Praga enseña mucho. La primera reflexión que me suscitó mientras miraba a los praguenses deambular por sus calles, es que en todos los lugares en los que estuvieron presentes los rusos, con sus tanques y su terror, en todos los sitios que invadieron y sometieron, queda una perceptible pátina de tristeza. Y los praguenses son tristes, pese a que puedan reír a carcajadas.

Una serena tristeza los acompaña mientras toman un bus o un subte, mientras comen, o trabajan; mientras viven. Los rusos dejaron penas imborrables, que se sumaron a los crímenes alemanes de la Praga invadida durante el nazismo.

Praga enseña más que ninguna otra ciudad extraordinaria, con mayor contundencia, que el hombre instauró la discriminación desde el comienzo de la historia. Sólo los que fueron poderosos pudieron recluirse en sus fortalezas y palacios. Los débiles quedaron siempre a la intemperie, y los mendigos del mundo nunca pudieron construir refugios para su miseria. Los enormes edificios góticos, ornamentados con mármoles y oro que alojaban a familias poderosas, resguardándolas del frío y del hambre, son en Praga una presencia que acongoja.

Mil libros se escribieron sobre Kafka y sus interrogantes. Millones de palabras que, ciertas o no, solamente sirvieron para justificar ensayos. Pero viendo Praga hoy, me doy cuenta que la angustia de Kafka es la angustia del mundo, él tenía un dolor muy simple y entendible.

Los palacios de Praga asombran. El praguense común camina entre castillos, iglesias y palacios sabiendo que ese mundo no les pertenece. Está allí, pero nunca fue de ellos. Llegada la noche, se suben a un tranvía o a un bus y regresan para comer algo en sus casas austeras. Y a la mañana siguiente vuelven a barrer sus calles, atender sus restaurantes, trabajar en sus museos.

El pobre Kafka tenía motivos para ser kafkiano: feo, despreciado por los no judíos, tuberculoso y espectador de una grandeza palaciega que lo abrumaba. La mayor parte de su vida fue un triste empleado, asfixiado por una ciudad cuya belleza asfixia.

La desesperación de “El proceso” y la angustia de “El Castillo” le pertenecen a la humanidad toda. A Kafka le tocó expresarlo de modo genial.

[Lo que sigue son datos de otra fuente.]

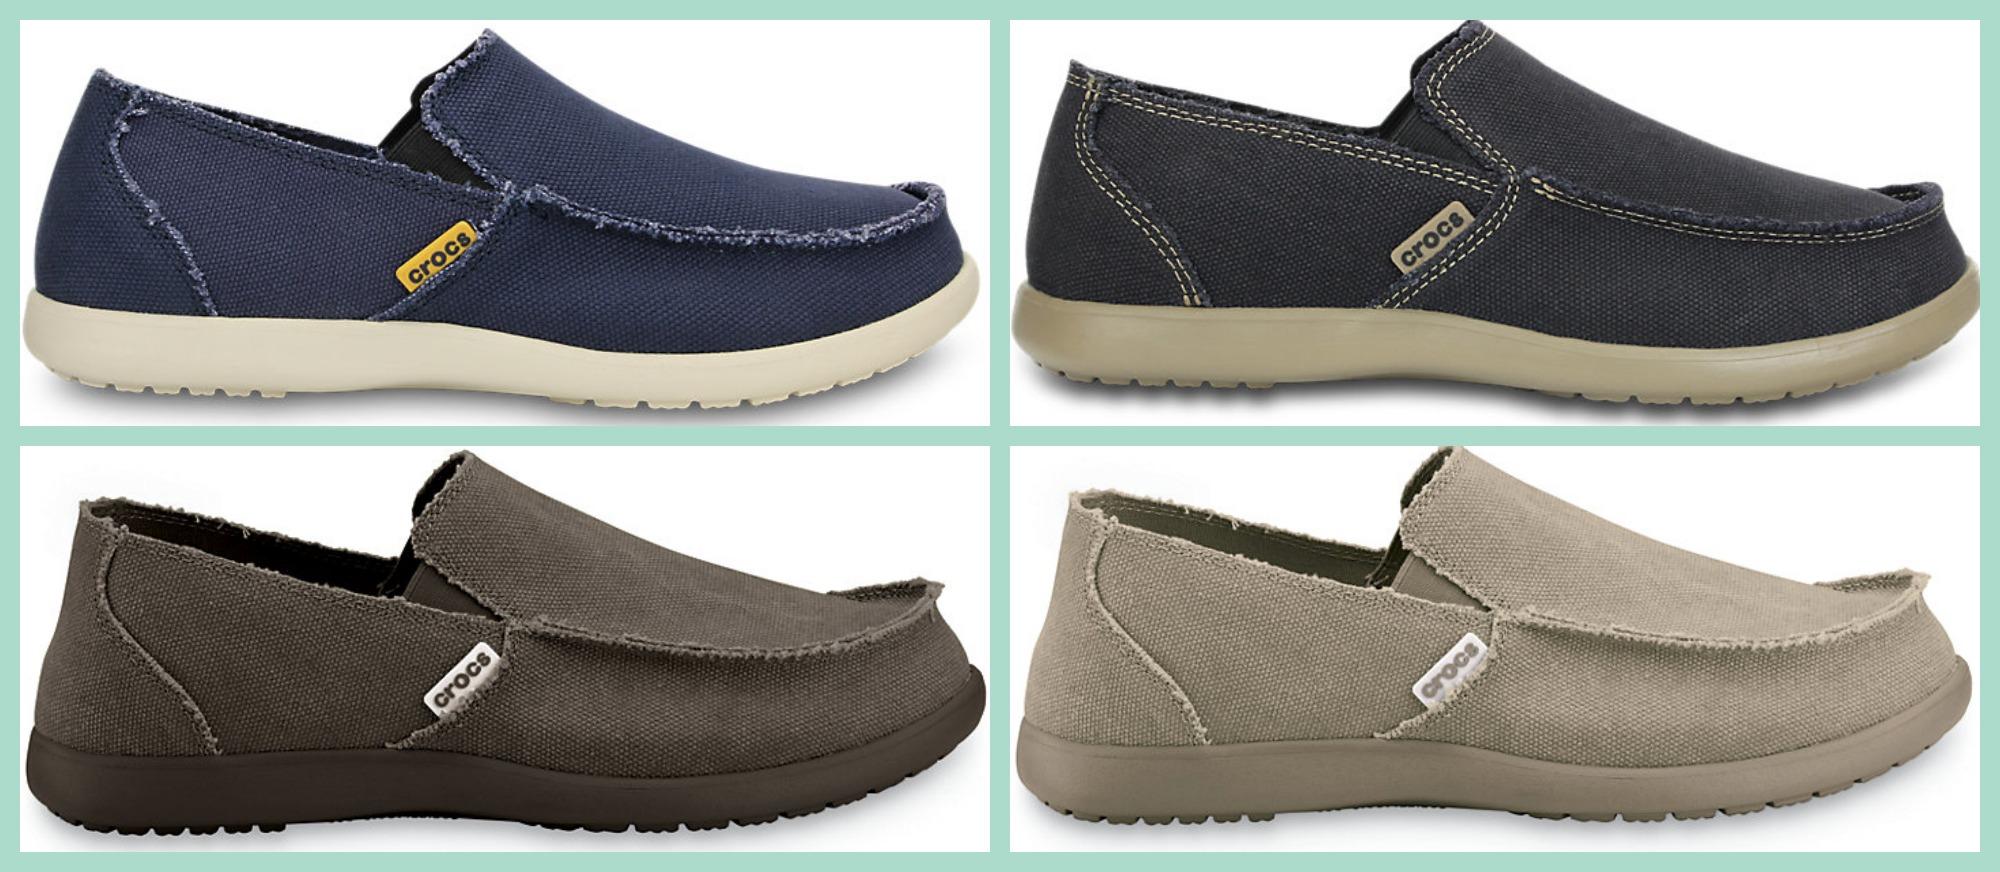 67e2414695c9b8 Crocs Santa Cruz Mens Loafers  19.99 Shipped (Regularly  54.99)

Fui a visitar un cuartucho de tres por tres que Kafka alquilaba a corta distancia del castillo, extraordinaria fortaleza sobre una colina que domina la ciudad y que ofrece vistas únicas sobre los barrios antiguos. El viejo habitáculo está ubicado en el número 22 de la calle de los Alquimistas. Hoy es una pequeña librería a la que entran miles de turistas, especialmente japoneses, ávidos de sus libros. Pero curiosamente, en Praga, tan asociada con el nombre del escritor, es poca la gente que ha leído su obra. No lo necesitan, vivir en Praga sin ser un príncipe, te vuelve kafkiano.

La visita a la catedral de San Vito, muy cerca del castillo, justifica por sí sola un viaje a la capital checa. Es difícil encontrar algo parecido. Entrar a San Vito hace difícil comprender cómo hombres que destruyen y asesinan puedan haber ideado y construido una catedral como ésta, en la que creemos encontrar el alma.

 

Su belleza alucinante encierra la idea del dolor kafkiano. Más allá del asombro, secretamente, produce angustia y su belleza acongoja.